O MULTITALENTOSO APRESENTADOR, ATOR E ROTEIRISTA DO BIPOLAR SHOW, NO CANAL BRASIL, PREFERE DÚVIDA A CERTEZA, RAIO GOURMETIZADOR A SELFIE E SENTIDO A NONSENSE. OU NÃO...


POR NATALIA HORITA

FOTOS JULIA RODRIGUES


1. Antes de começar, tem um negócio que está me incomodando. Tô tomando suco de maracujá, tem alguma coisa no meu dente? Não, você tá ótima!


2. Obrigada. Você me avisa? Claro! Isso é prova de caráter.


3. Então vamos lá: você é roteirista, diretor, ator, apresentador. O que falta? Falta a vida inteira, tudo que farei. A segunda temporada do Bipolar Show [estreia em maio no Canal Brasil] está tão especial... É muito diferente, da fotografia ao cenário, figurino, quadros, convidados. Eu estava completamente em risco e em desespero. Cada vez que faço um trabalho, tento fazer o que não sei.


4. Qual foi a aposta que deu mais certo nessa nova temporada? Tudo deu certo. A cara desse projeto é justamente estar o tempo todo em movimento, em criação. Quadros que criei, durante o “fazimento” do programa – citando Darcy Ribeiro –, achei que não funcionaram com alguns convidados. Mas isso não fez com que eu desistisse de tentar com outros nem com que eu parasse de continuar mudando.
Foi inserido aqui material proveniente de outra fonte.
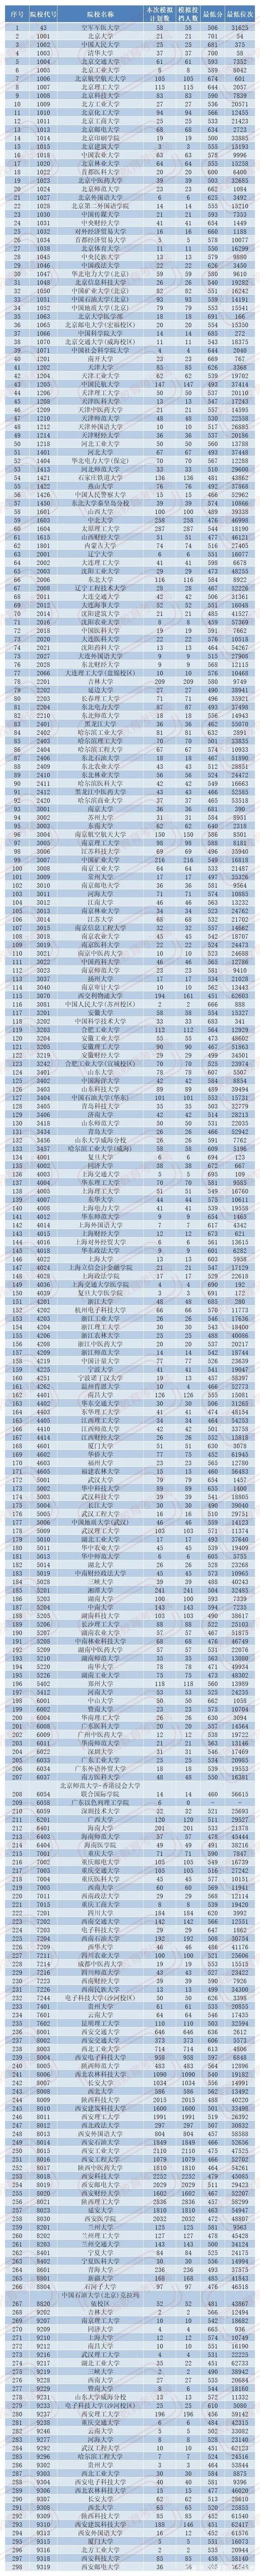 2020陕西省高考本科一批模拟投档录取分数线出炉 文科最低681分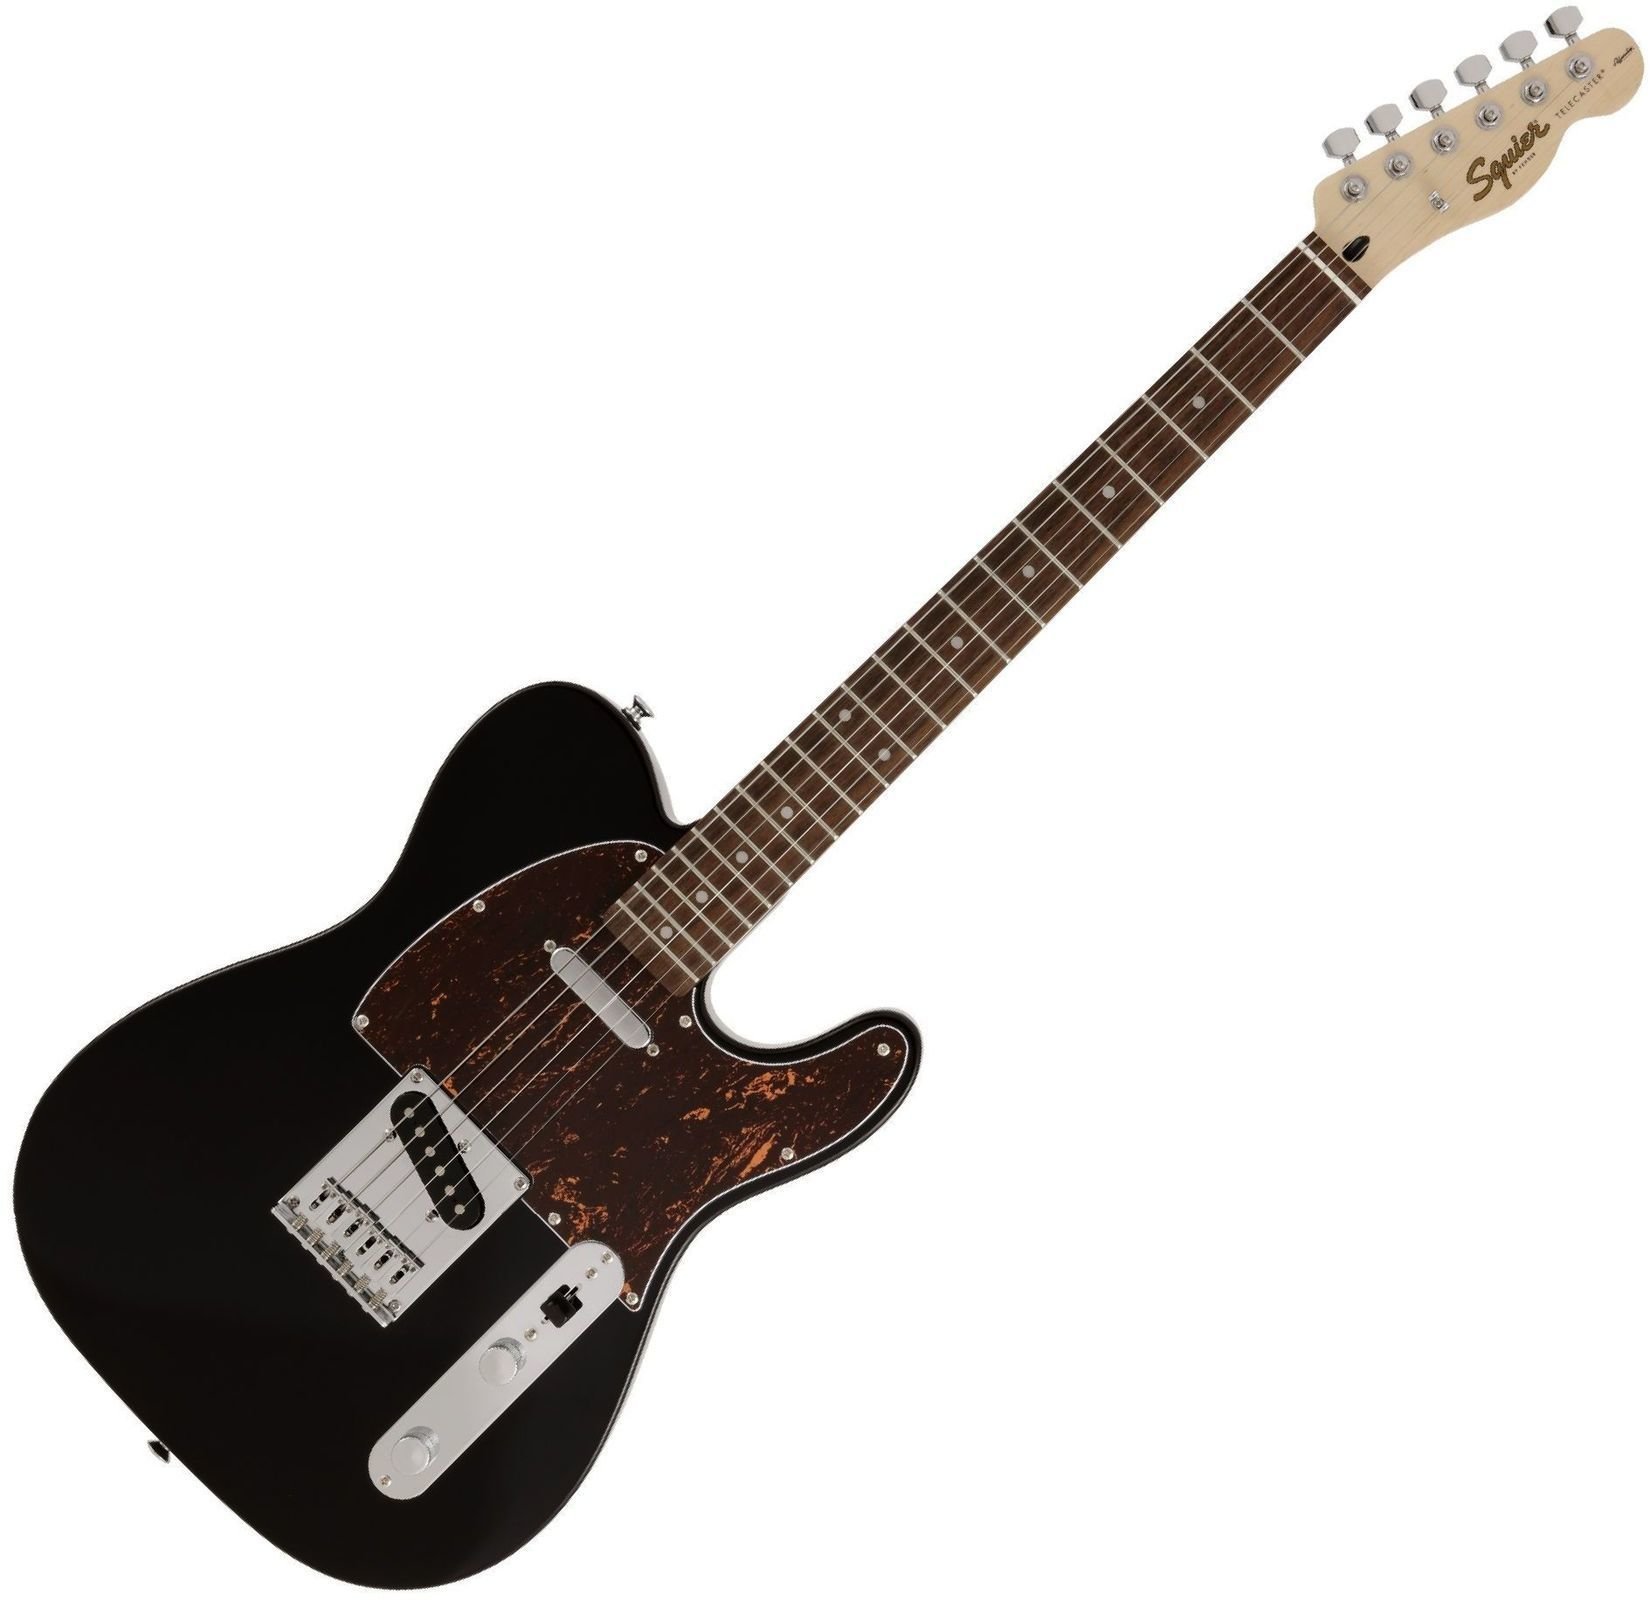 Ηλεκτρική Κιθάρα Fender Squier FSR Affinity Series Telecaster IL Tortoiseshell Pickguard Black

5. O Bipolar é teatro ou TV? Não vejo diferença, pra mim é tudo uma coisa só. É o que quem estiver vendo quiser. Para mim, é teleteatro. Está em uma fronteira entre realidade e ficção. Os documentários cada vez mais caminham nessa direção, em temática ou em técnica. No caso do Bipolar, o gênero é “variedades”, que na TV brasileira não costuma andar nessa direção, de encontro à ficção.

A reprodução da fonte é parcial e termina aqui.